_WORK INSTRUCTION_
Write the lines below out exactly, dropping each picture.

_SUPPLIED MATERIAL_
————
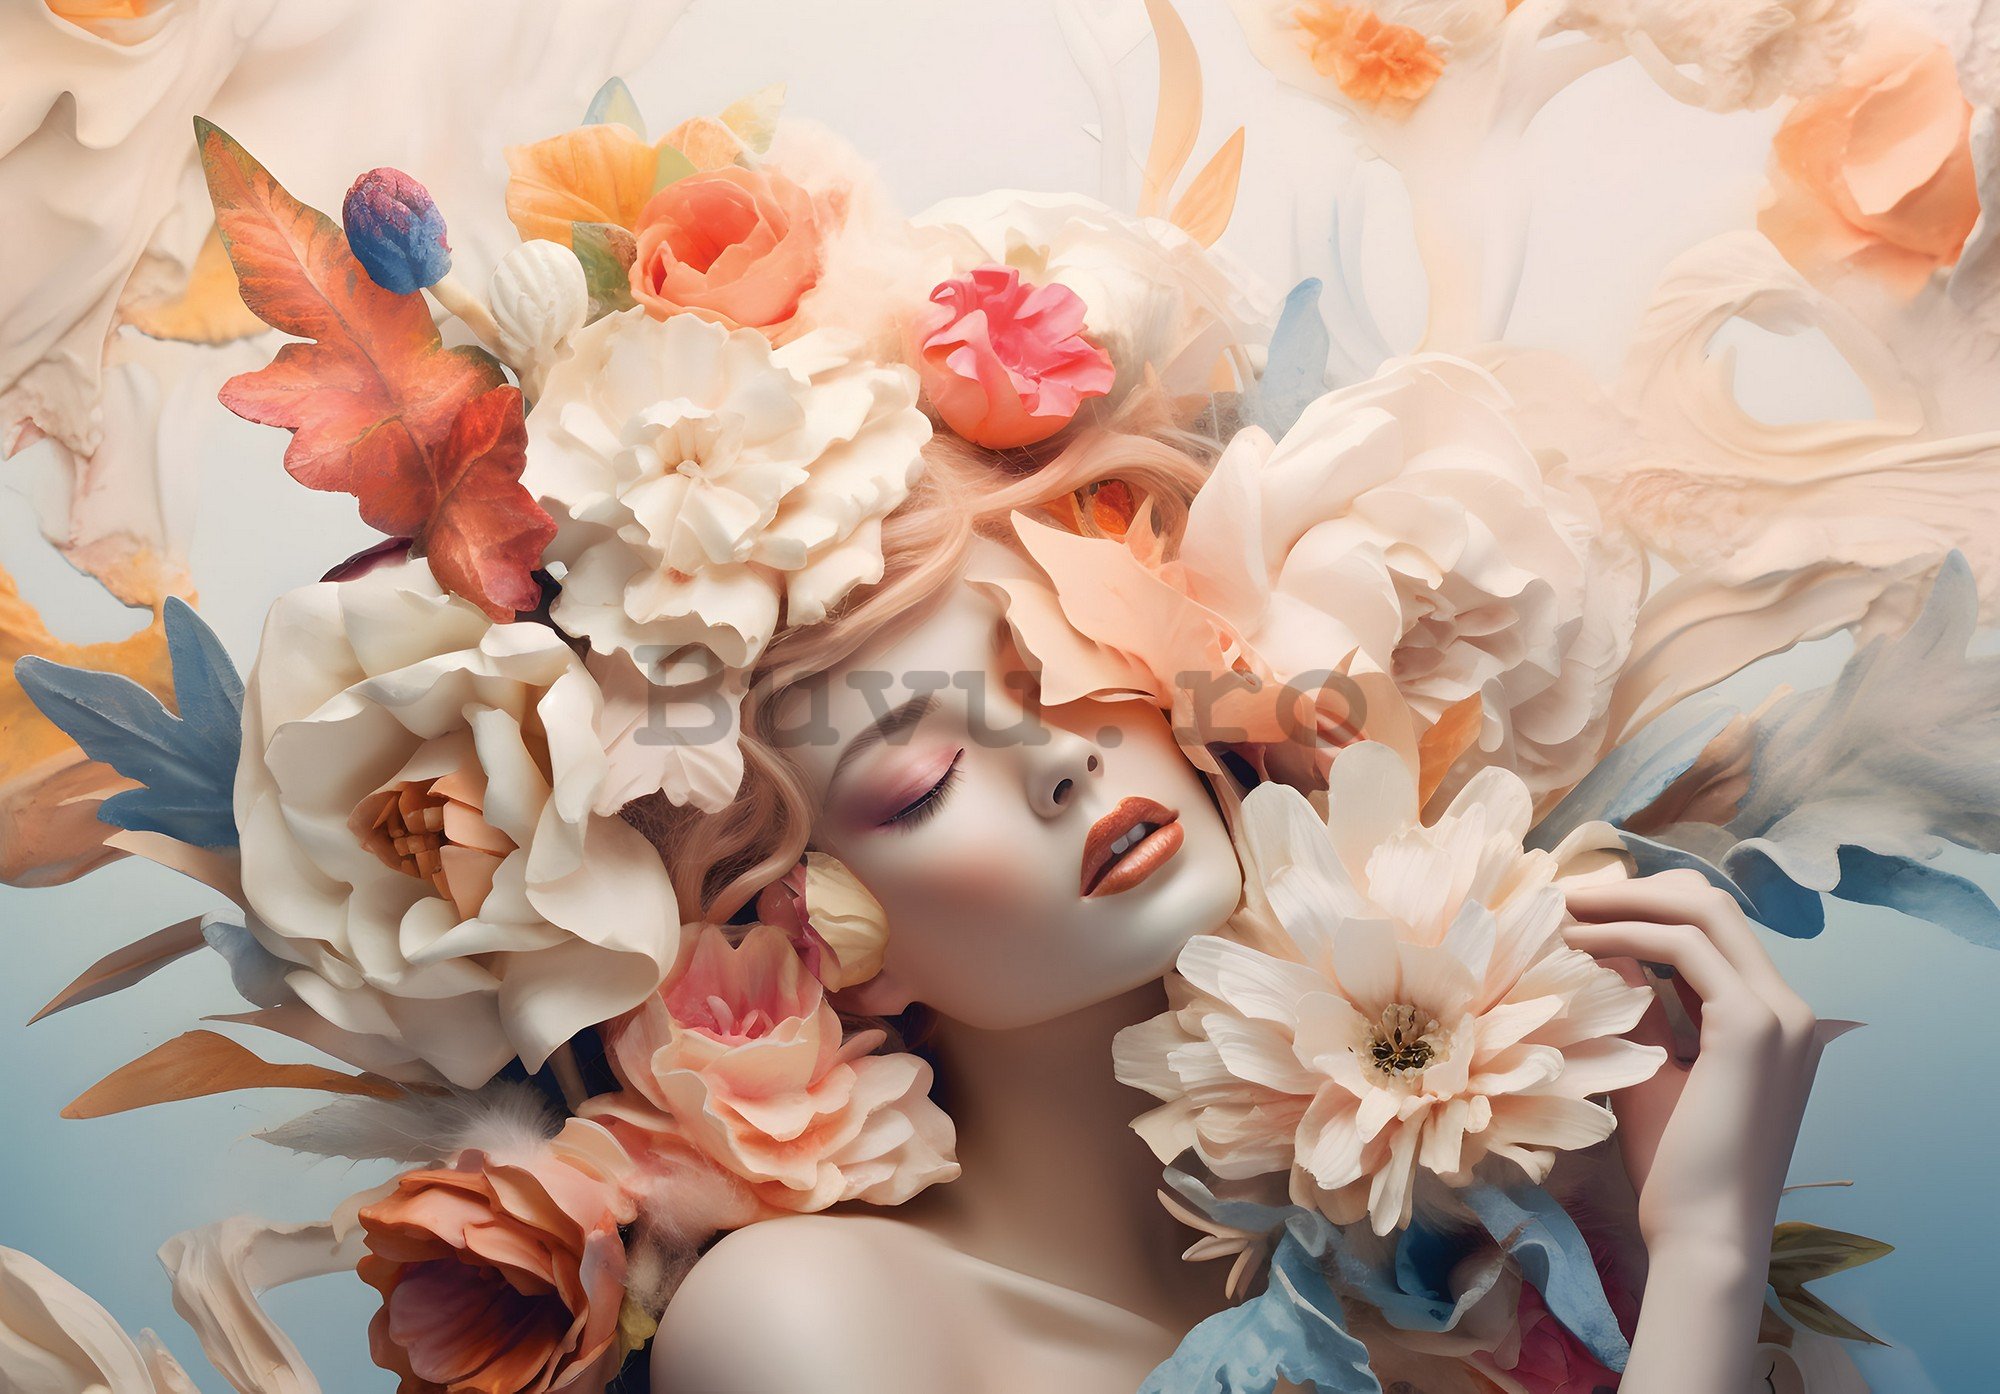 Fototapet vlies: Woman flowers pastel elegance - 254x184 cm
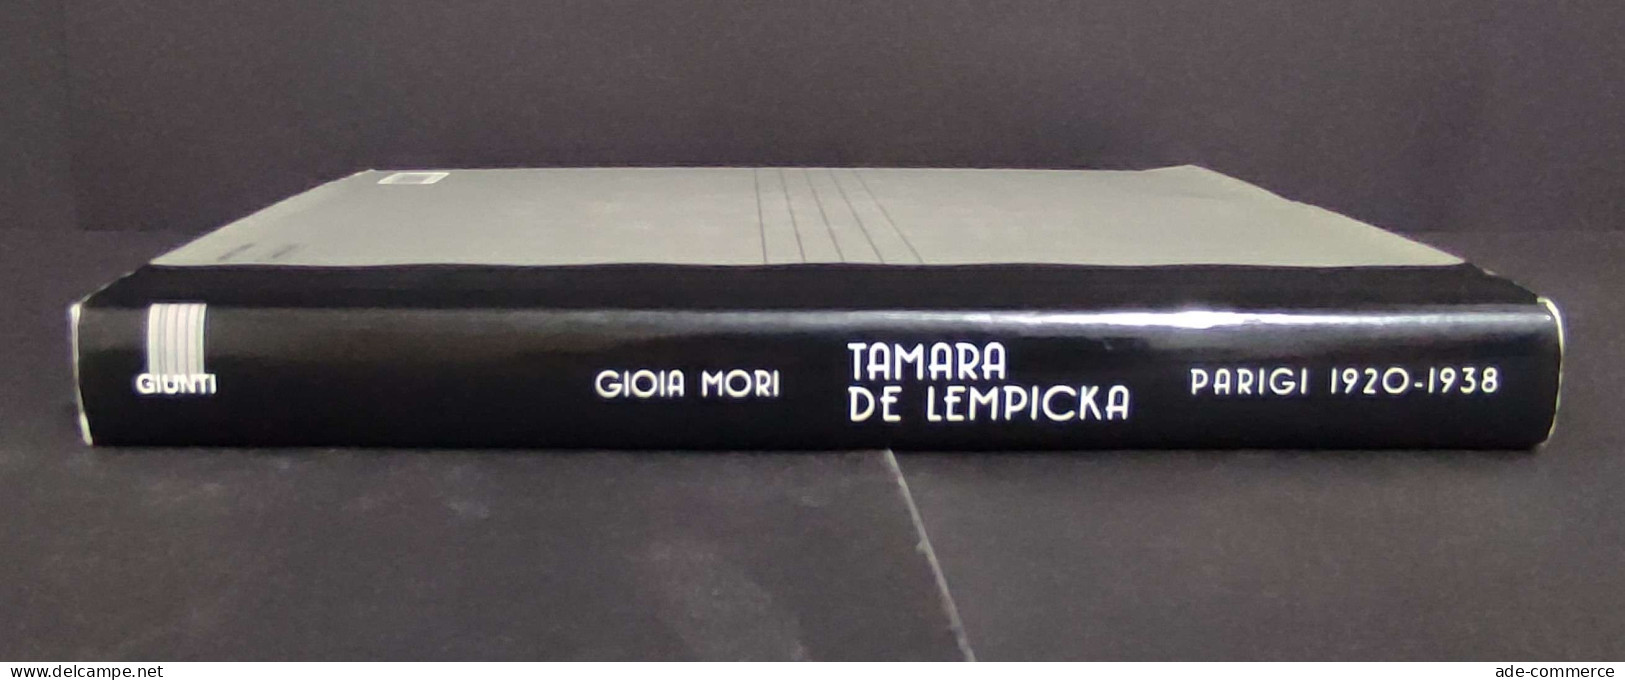 Tamara De Lempicka - Parigi 1920-1938 - G. Mori - Ed. Giunti - 1995 - Arte, Antigüedades
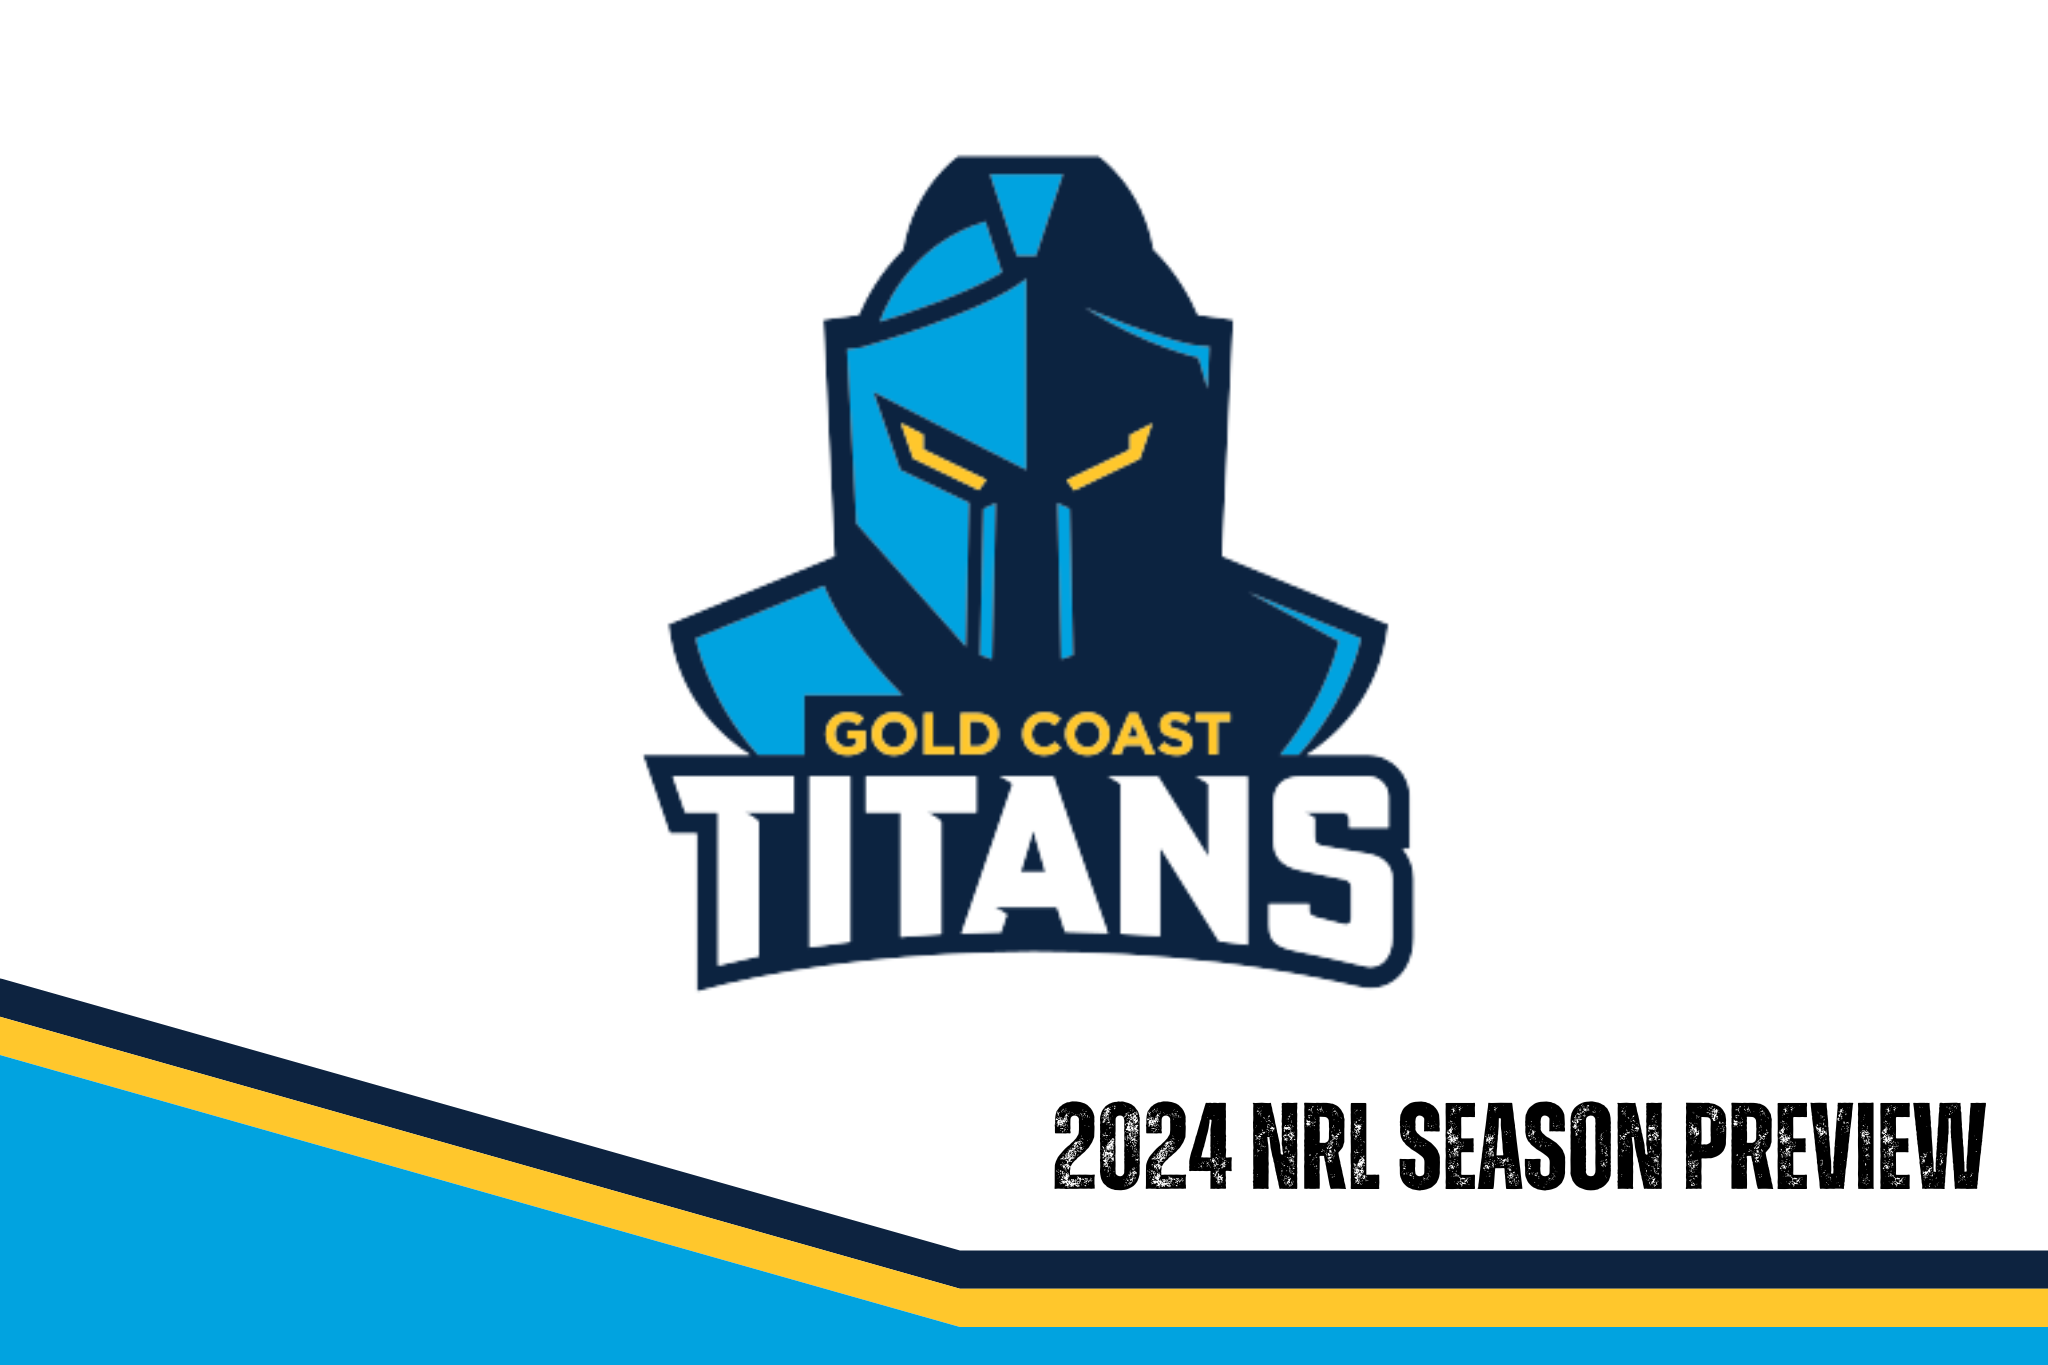 Gold Coast Titans 2024 season preview
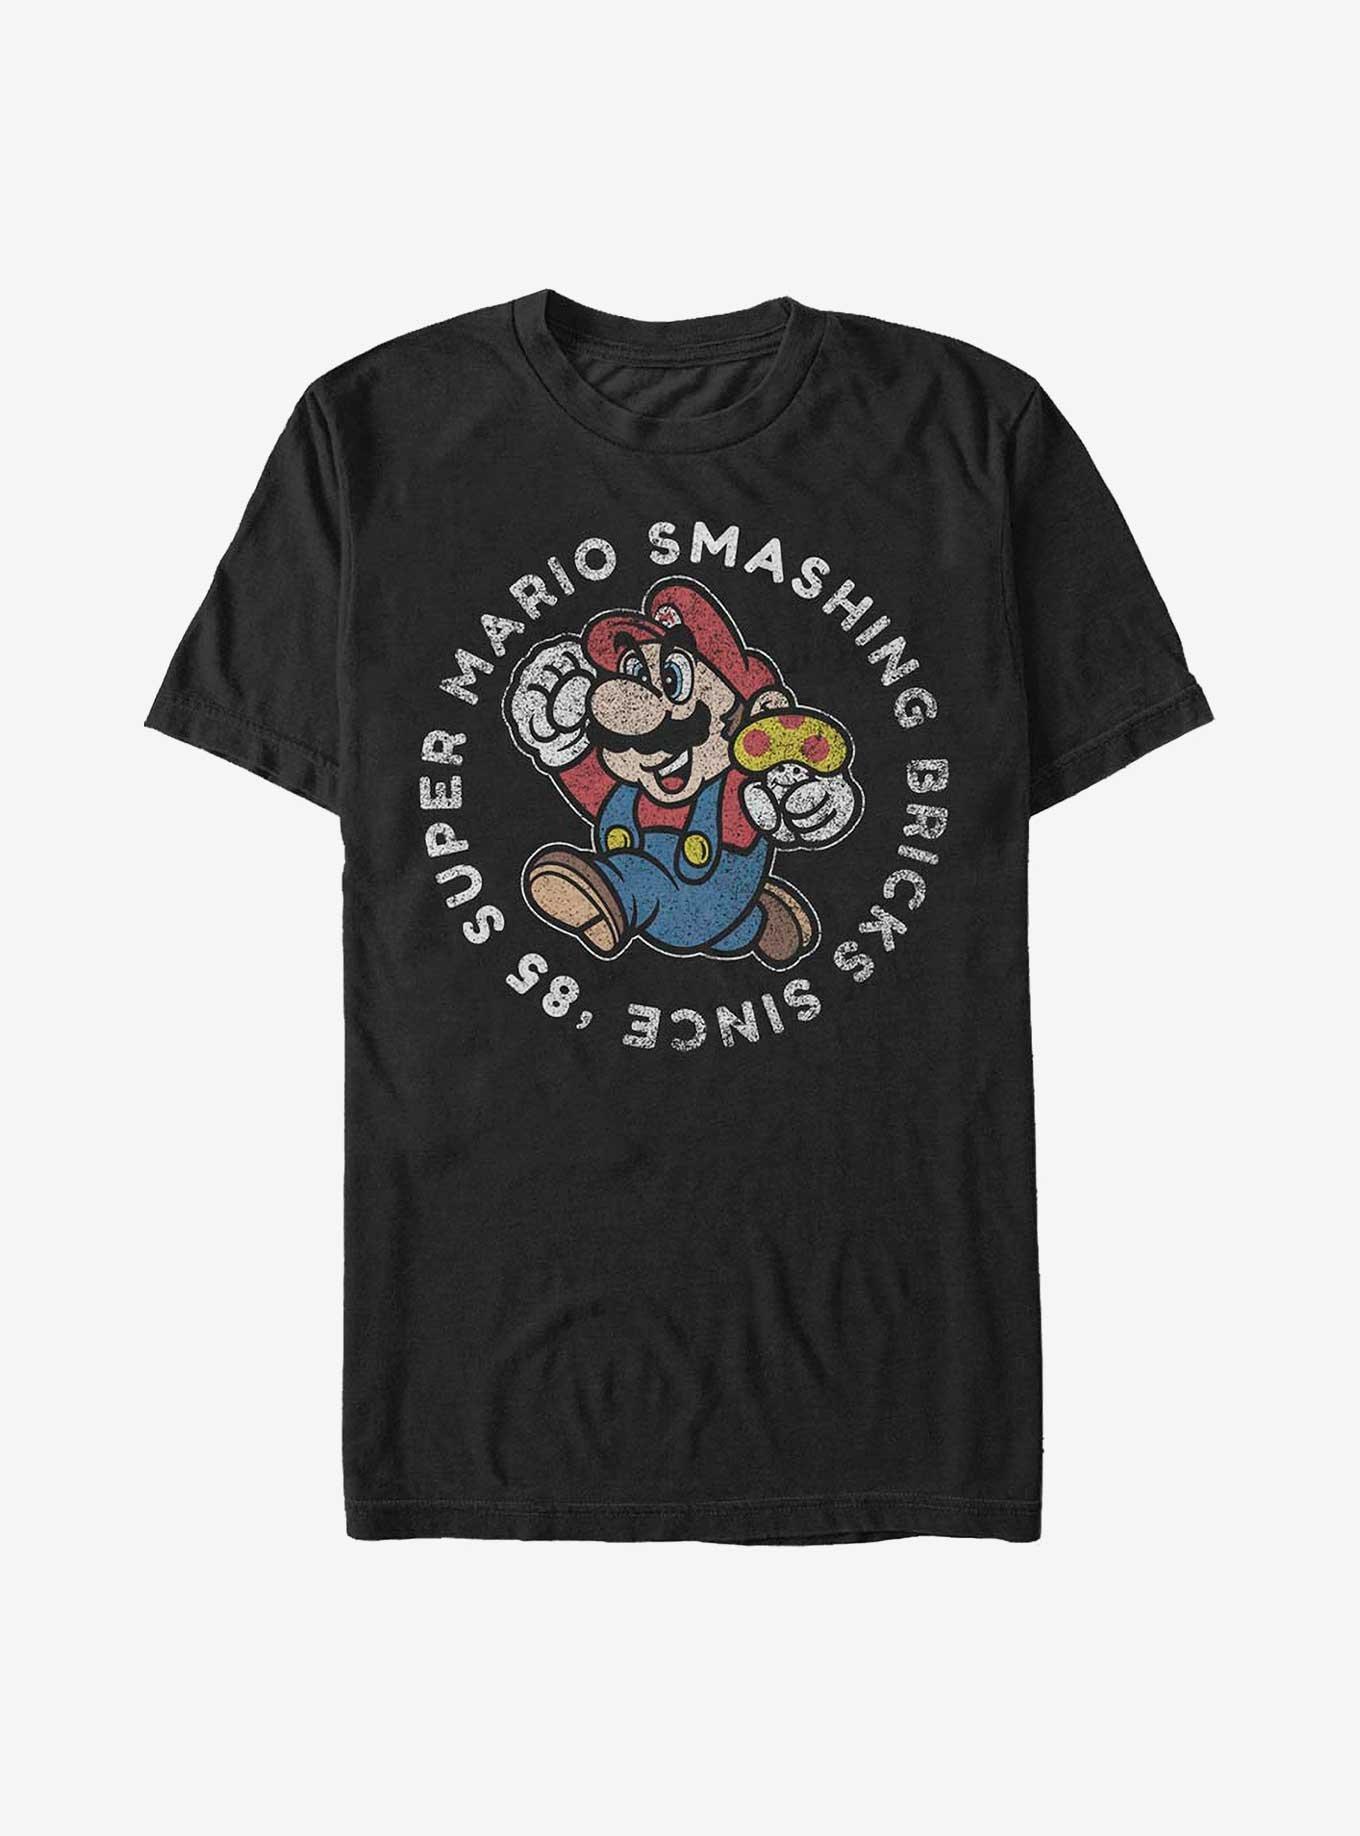 Nintendo Mario Smashing Brings Since '85 T-Shirt, BLACK, hi-res
————
_WRITTEN RESPONSE_
 Fototapet vlies: Woman flowers pastel elegance - 254x184 cm
 Tamara De Lempicka - Parigi 1920-1938 - G. Mori - Ed. Giunti - 1995 - Arte, Antigüedades
 Gold Coast Titans 2024 season preview
 Nintendo Mario Smashing Brings Since '85 T-Shirt, BLACK, hi-res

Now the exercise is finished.